Taliban kill 17 at Afghan police checkpoint
KABUL: Taliban insurgents poisoned and then shot to death 17 people in an overnight attack on a government-backed militia post in eastern Afghanistan, an Afghan official said Wednesday.
The militants somehow poisoned those inside the outpost, incapacitating them, before gunning them down Tuesday night, said Abdul Jamhe Jamhe, a leader of the Ghazni provincial government.
The method of poisoning was unclear, he added.
The dead included 10 members of the government-backed Afghan local police, and seven of their civilian friends, said Provincial Gov. Musa Khan Akbarzada. He says there was a conspiracy of some sort but declined to confirm if poison was involved.

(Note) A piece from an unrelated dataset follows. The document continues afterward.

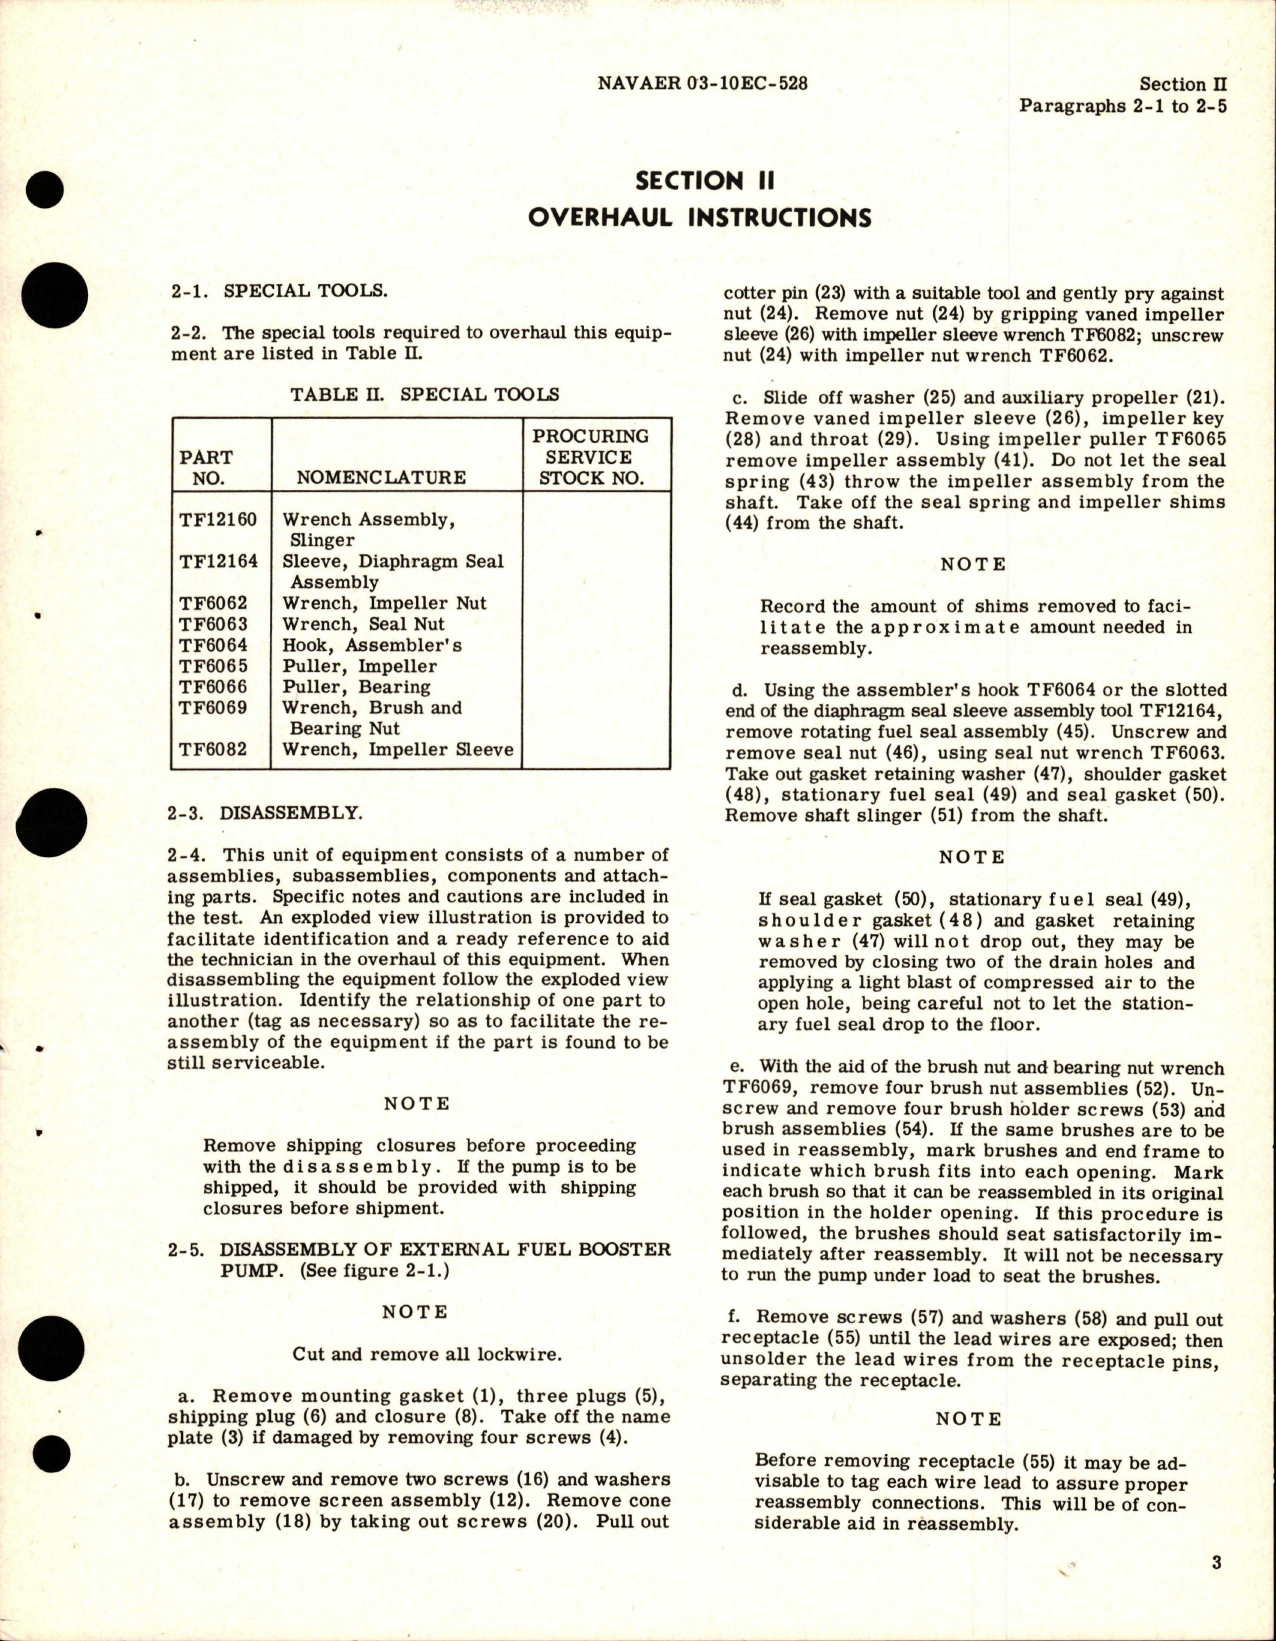 Sample page 5 from AirCorps Library document: Overhaul Instructions for External Fuel Booster Pumps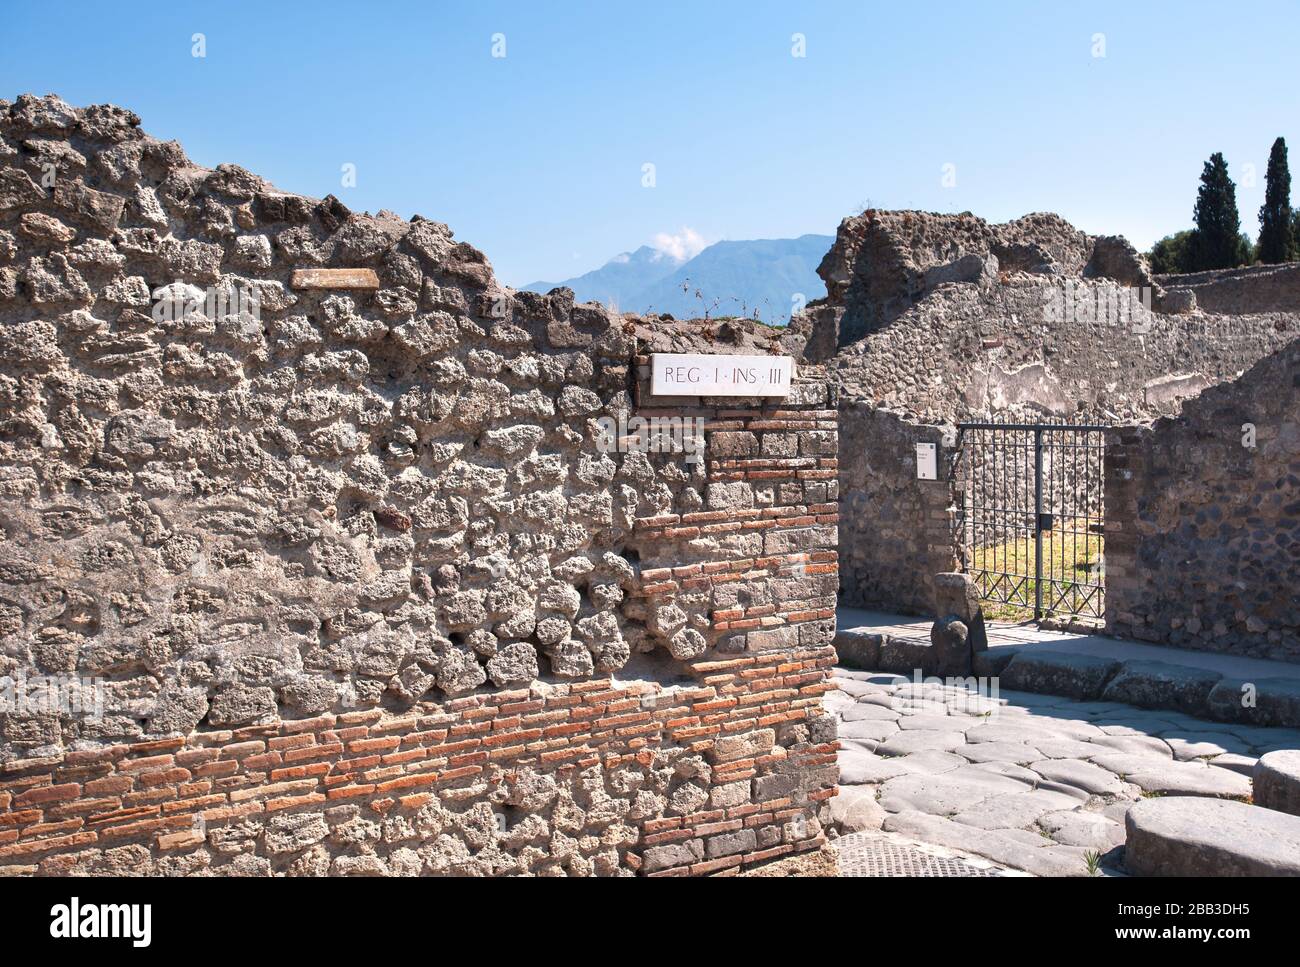 Ancient street and ruined houses in the ancient town of Pompeii, Italy. The peak of Mount Vesuvius can be seen in the background. Stock Photo

The lightly trained Afghan Local Police, a village-level force backed by US troops and overseen by the Ministry of the Interior, is tasked with helping bring security to remote areas. But Afghan President Hamid Karzai has expressed concern that without careful vetting, the program could end up arming local troublemakers, strongmen or criminals.
Taliban spokesman Zabiullah Mujahid claimed responsibility for the attack.
He told news agency the Associated Press by telephone that the attackers shot the men dead in their sleep but that no poison was involved.
Mujahid also claimed responsibility for a bombing in Kabul earlier in the day that wounded up to ten people.
The attacks come three days after a would-be car bomber was shot dead by police in downtown Kabul. That assailant was driving a vehicle packed with explosives and officials said he appeared to be targeting an intelligence agency office.
It also comes as the US-led military coalition in the country is backing off from its claim that Taliban attacks dropped in 2012, tacitly acknowledging a hole in its widely repeated argument that violence is easing and that the insurgency is in steep decline.